We all see it because it’s the only thing we’ve been looking for — our glimmer of hope. It is a single dot in the canvas of blue sky and blue water. The dot gets bigger. The men wave their dingy white shirts, hollering out for help but only hearing their own voices bounce off each other. My own mouth is dry, I try to yell for help too but no words come out, I’ve been without water for a long time. The bigger dot is now elongated. Then it begins to look very much like part of a ship’s mast. An eternity goes by when the dot has finally morphed into a ship. No one speaks of it being a possible pirate ship —
I’m grateful to the Thai crew of this ship — this large fishing vessel — to feed us and give us water. I still can taste the sweetness of the giant steamed squids from that night. How do you thank people who save your life?
If you put my three kids into three separate rooms and ask each this question, What does your mom want for you? They should all give you the same answer, To be kind and to be happy. It’s a mantra I’ve been repeating since they were little. Nicolai, on his own, ended his 8th grade valedictorian speech with a familiar quote from Mark Twain: Kindness is the language which the deaf can hear and the blind can see.

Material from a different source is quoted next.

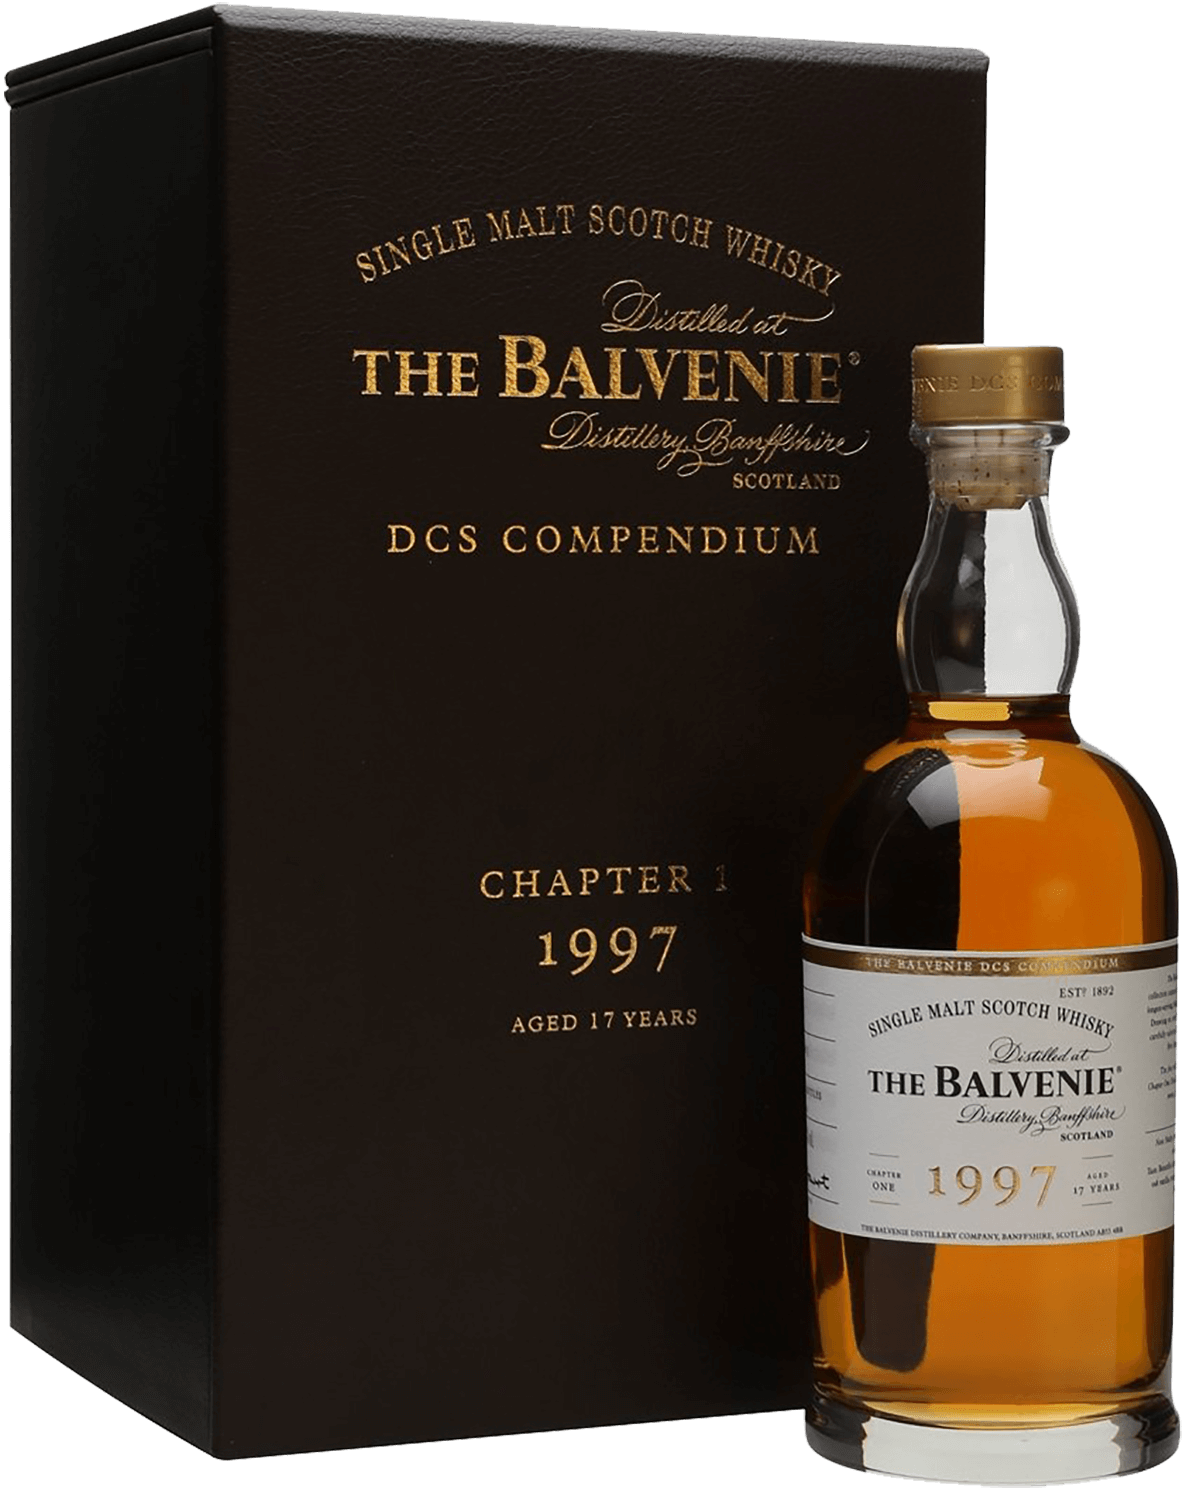 The Balvenie 1997 Single Malt Scotch Whisky (gift box) the balvenie peat week 14 y o single malt scotch whisky gift box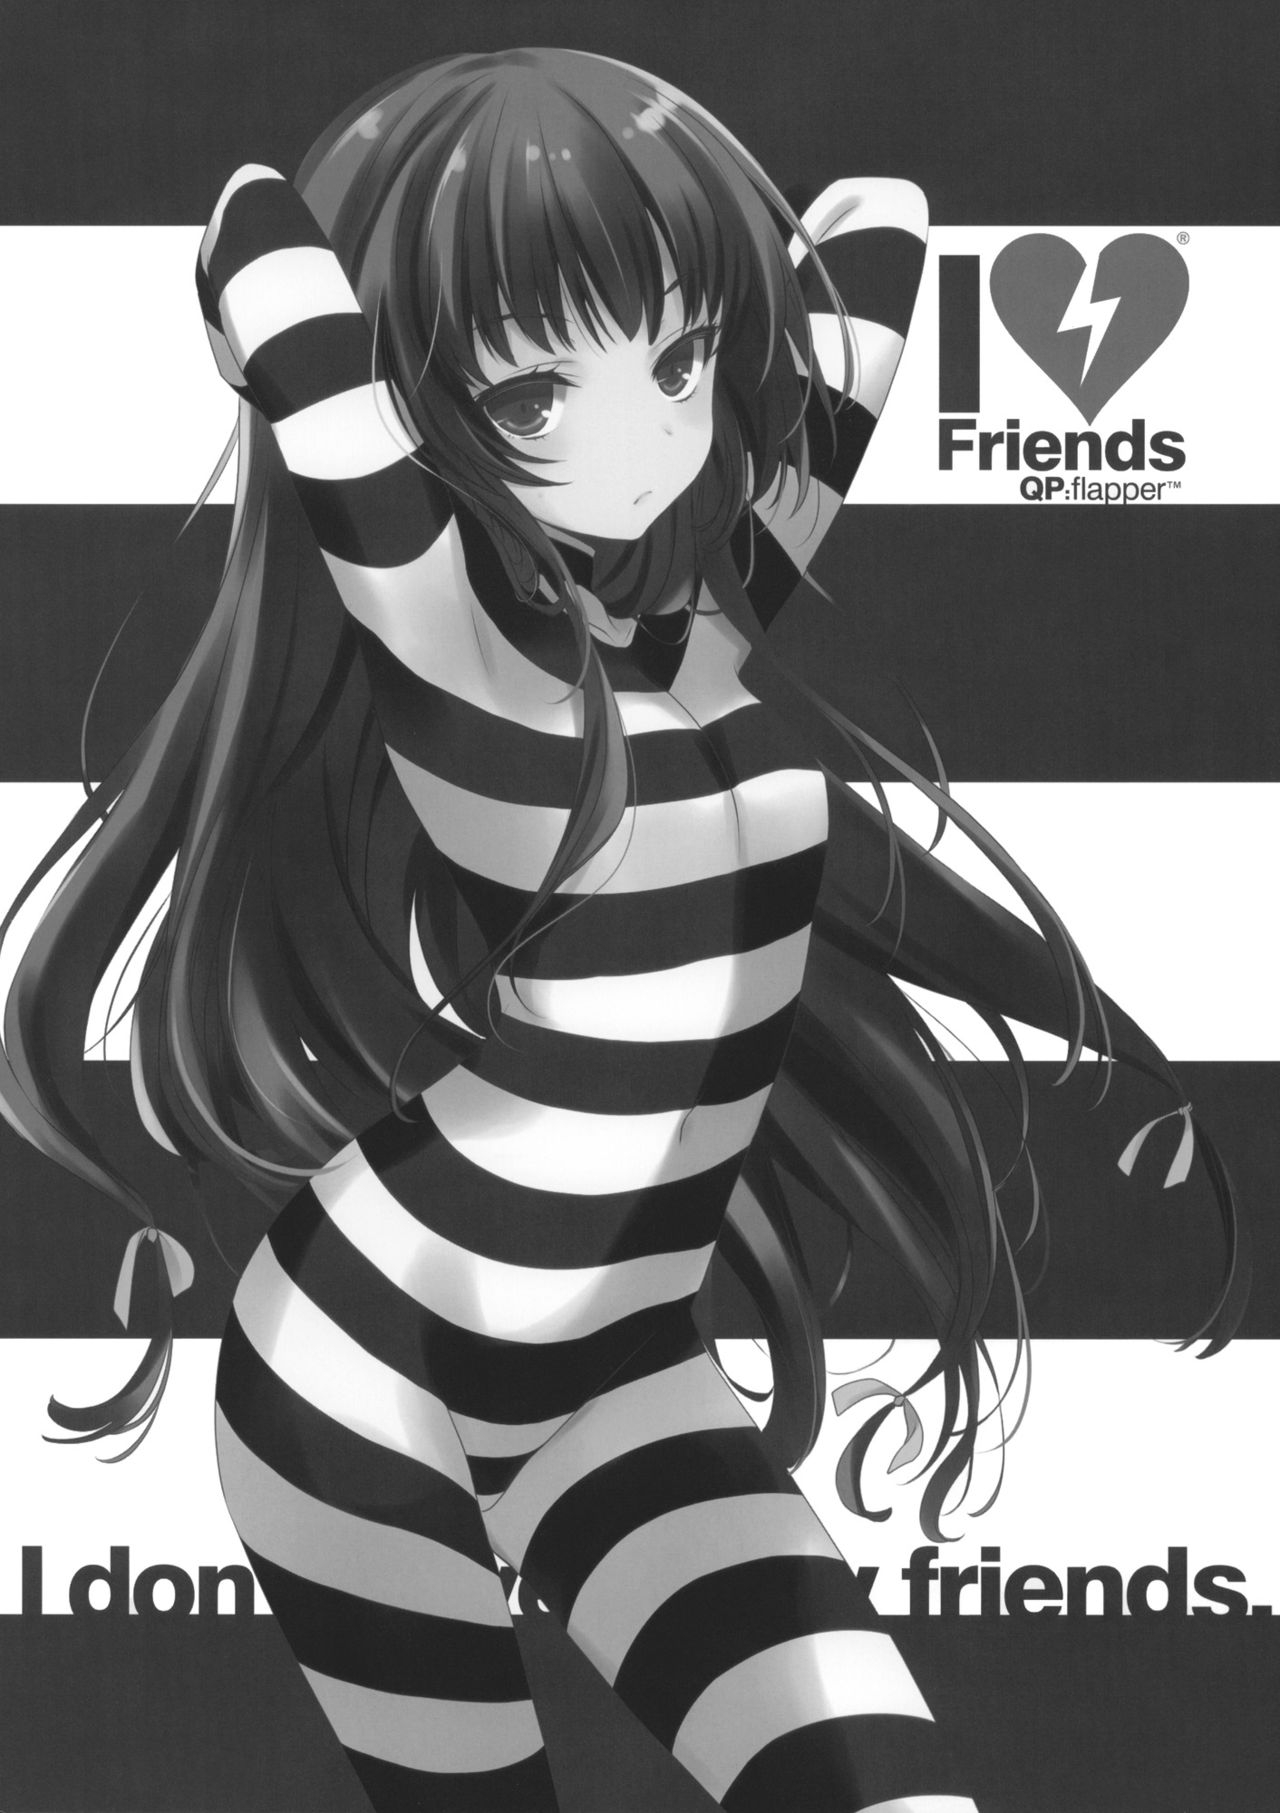 (COMIC1☆5) [QP:flapper (Sakura Koharu, Ohara Tometa)] I ♥ Friends (Boku wa Tomodachi ga Sukunai) 1

I know “be kind and be happy” is vague — like lazy parenting — but life is vague. I want them to define their own happiness. But I don’t want kindness to be a choice for them, I just want them to be kind.
All 13 of us were rescued by the fishermen who reached out with immeasurable kindness. Then this great country welcomed our family with open arms. This is the only America I know — the America that made it all possible for me and my family to go to school, earn a college degree, work, raise a family. How do you thank a country for all this? There has never been a single moment when I hear or sing the American national anthem and not tear up.
I’m now about half way home. But I don’t want to rush the drive. It’s a perfect night, the highway is sparse, I turn up the volume — Stevie Nicks is singing “Landslide.”
I’m overwhelmed by all the kindness that comes in small packages too.
I’m in 6th grade. Carla, tall with brown short curly hair, sits next to me in class. There is a form that we all have to fill out. I write down my first and last name. Then I am stuck because I don’t understand what the form is asking me. I glance over at other kids’ papers and see that they’re already halfway through the form. Carla smiles at me because she always does. She notices that I’m not writing. I’m embarrassed that I don’t know enough English to fill out this form. She leans over and puts a check in the “female” box for me. She says quietly, You are a girl. Female. And she points to Tony across from us, He is a boy. Male. She smiles again. Carla doesn’t know that I still think of her today.
I’m pulling out of the school’s parking lot. It’s the start of winter break and also my three-month maternity leave. I’m really pregnant with my first baby. I see Brian, my 7th grade student, running fast toward my car, he’s out of breath. I turn off the engine and step out of the car. Brian pulls out a blue stuffed animal from under his jacket. He says between breaths, I’m glad you’re still here, Mrs. Nguyen. Here, I want your baby to have my stuffed animal that I got when I was a baby. I want to tell Brian that I can’t accept this precious blue floppy eared stuffed puppy from his childhood. But I can’t get myself to say anything. His kindness breaks my heart.